Blockchain technology is the latest system governments are considering in the long-standing effort to increase efficiency.

The source code was originally created to support bitcoin, a decentralized payment processing, and stock exchange system. Creators were attempting to solve the risk that an online currency such as bitcoin could be double spent. To maintain the decentralized system, the network works on a peer-to-peer model, creating locked records that redundantly save across multiple servers.

Similar to a shared document, one transaction can be viewed across multiple places. However, a block record cannot be changed once it is recorded, only referenced as new records are made. The diffuse system is meant to act as its own iterative confirmation service.

Many people are talking about how blockchain could change everything from health records management to identity verification. “It has the potential to create new foundations for our economic and social systems. But while the impact will be enormous, it will take decades for blockchain to seep into our economic and social infrastructure,” an article in the Harvard Business Review says. Each recorded block of information represents a transaction and each transaction is redundantly recorded. Nearly 300,000 blockchain records are recorded daily for Bitcoin alone.

One UC Berkeley study expresses concern that the order of transactions is extremely important, and research firm Constellation says blockchain's main purpose is to prove entry order. Maintaining record order could be worked around if timestamps were applied by a vendor, but the necessity of this is still being debated. Blockchain has grown so much since its first mention in 2008 that an ID program and bank card were created to support refugees by an experimental Voluntary Nation program.

Aside from banking and identification confirmation, blockchain can also create smart contracts that automate transactions between parties and verify ownership of assets before the exchange is finalized by referencing older block records. Similar systems have been suggested for health-care records management and banking security where estimates of cost savings differ, anywhere from $12 billion to $15 billion.
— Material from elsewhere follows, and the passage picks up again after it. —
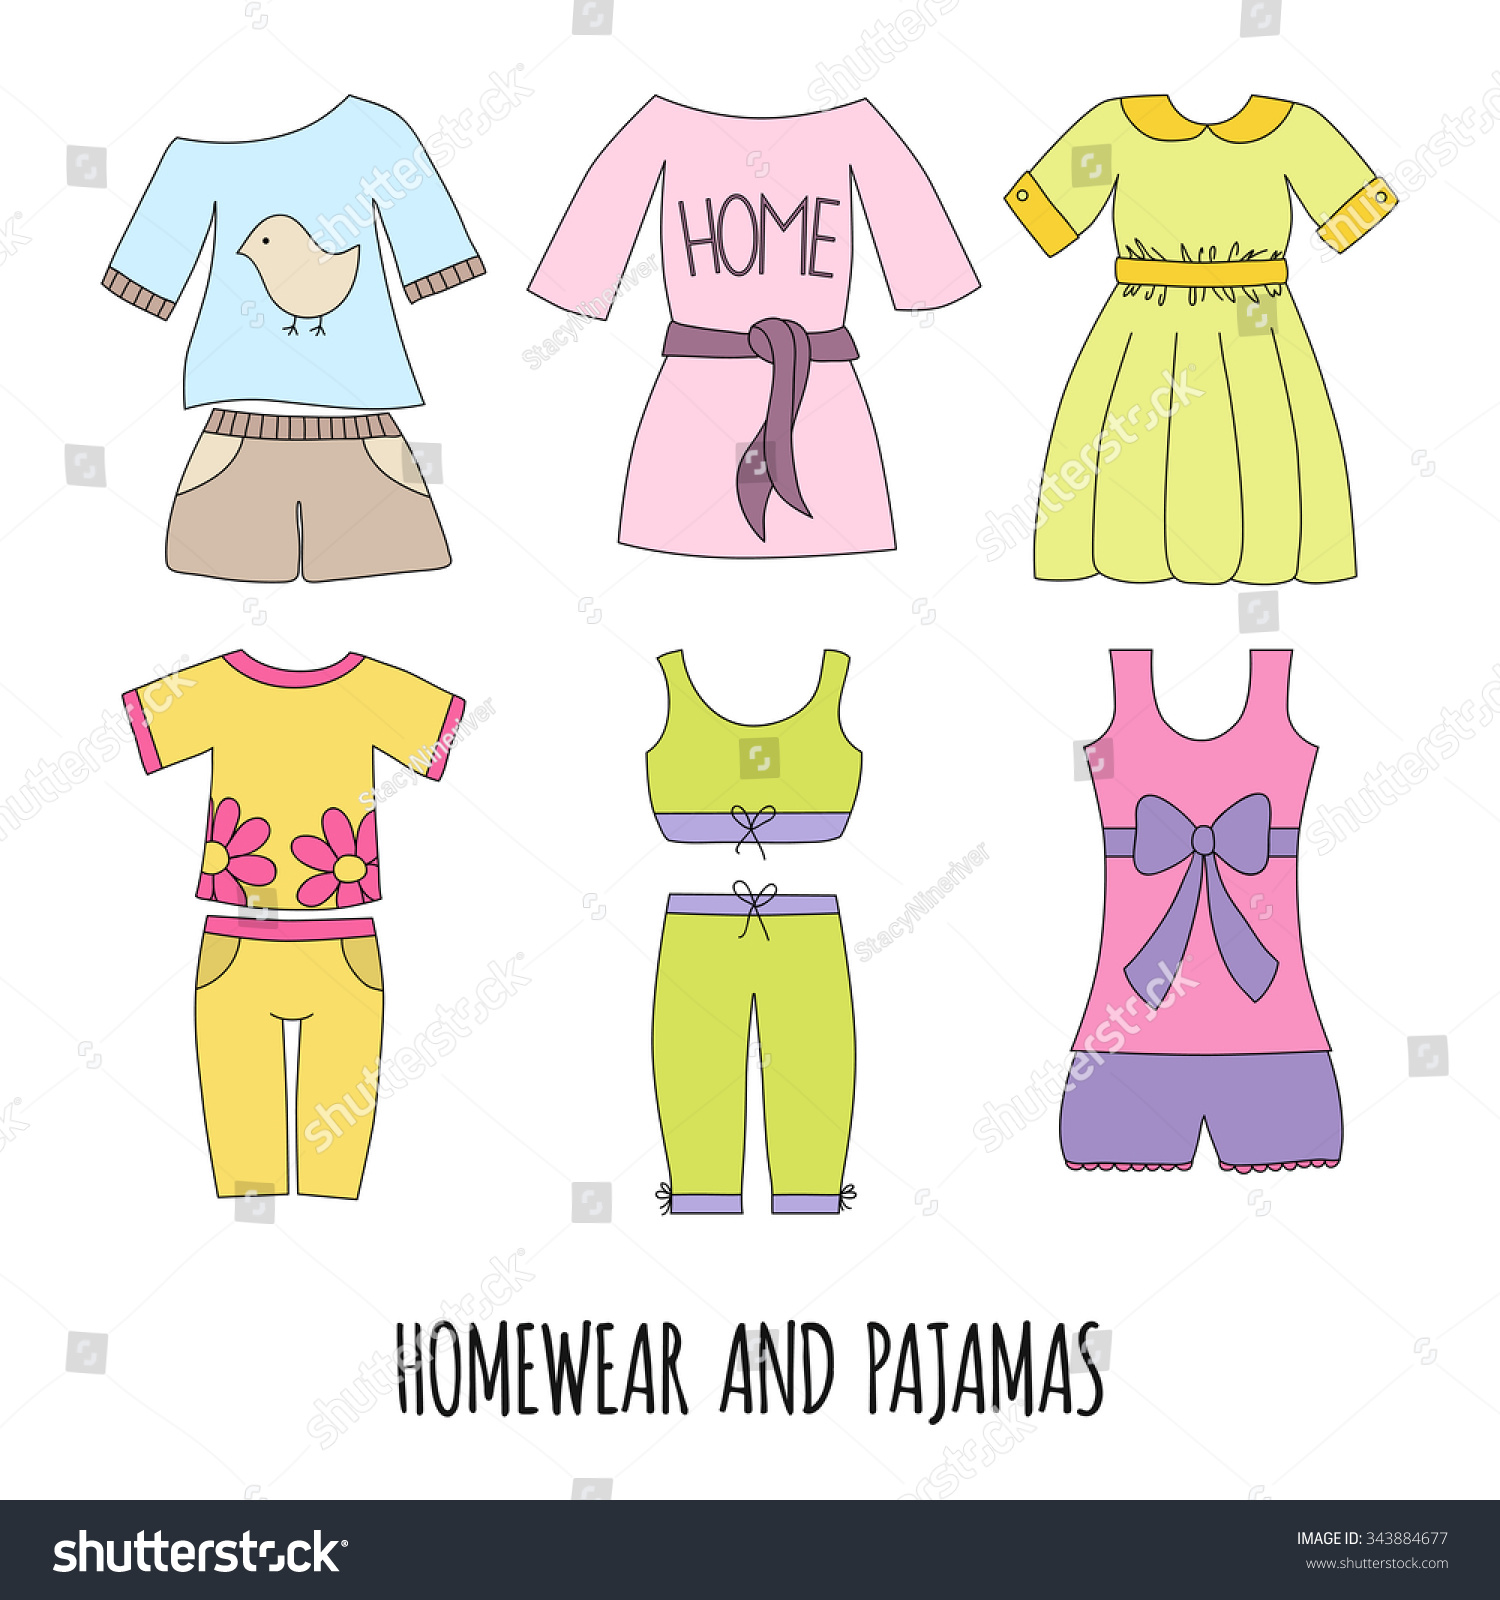 Cute Homewear Pajamas Set Hand Draw Stock Vector 343884677 - Shutterstock

Using a system that can decrease risk, is auditable and maintains real-time settlements could minimize the need for many record-based positions such as notaries and contract lawyers, leading to predicted savings. The multiple uses for blockchain is what concerns many stakeholders, especially as many rush to find use cases for the tech.
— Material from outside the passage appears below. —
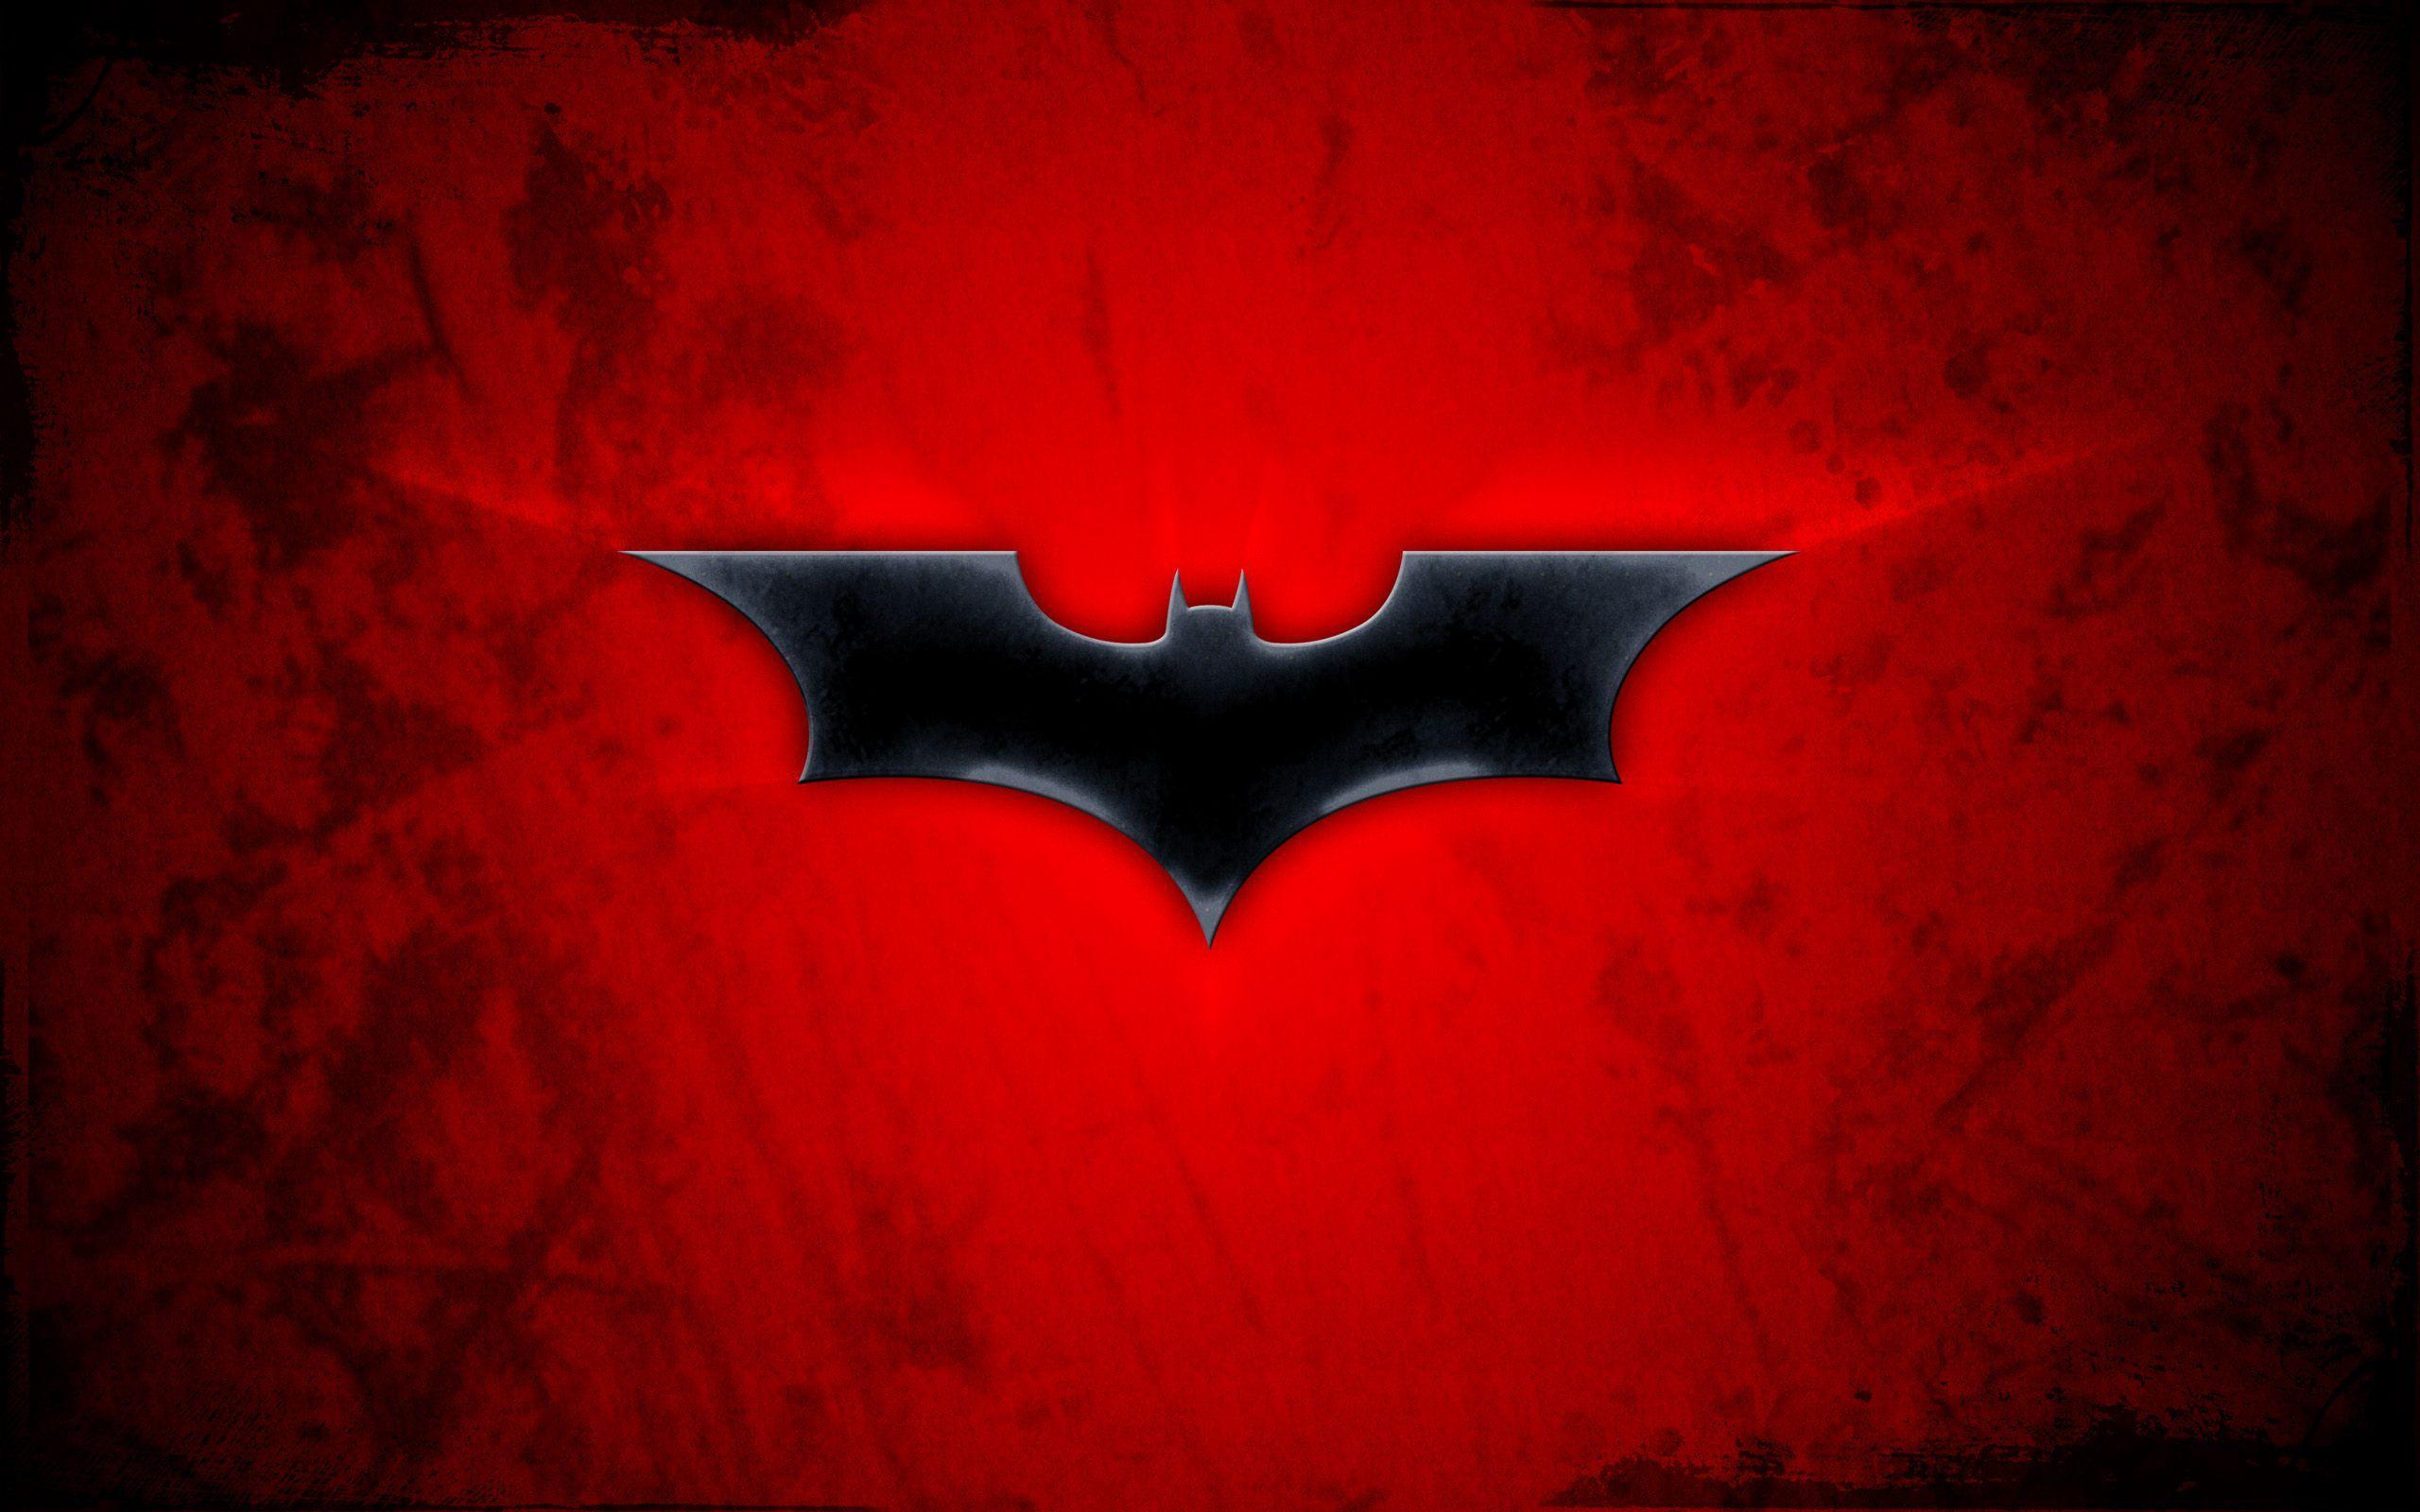 Batman Logo Red T Shirt Iron on Transfer Decal #16

“When discussing blockchain technology, it is important to remember Amara's Law (named after Roy Amara, co-founder of Institute for the Future): ‘We tend to overestimate the effect of a technology in the short run and underestimate the effect in the long run.’ Anytime a technology goes through a hype cycle as is happening with blockchain, I find this maxim useful to reference,” Rachel Hatch, research director at Institute for the Future, wrote in an email to Techwire.

Startups like Ascribe remove the middle man from digital art, transferring more of the profit to the artist and the art to the buyer in one series of records. Many vendors agree that as more things become connected, more records are necessary. “The Internet of Everything needs a Ledger of Everything,” the Harvard Business Review said.

Hatch referred to this as a space for opportunities for change and growth. With a similar eye on change, Congress created a Blockchain Caucus to study use cases, and Delaware is considering it for its corporate registry. Many stakeholders agree that adoption will be a long time coming because the technology is the kind to build off of, not the kind that turns a business model upside-down. “The process of adoption will be gradual and steady, not sudden, as waves of technological and institutional change gain momentum,” the Harvard article said.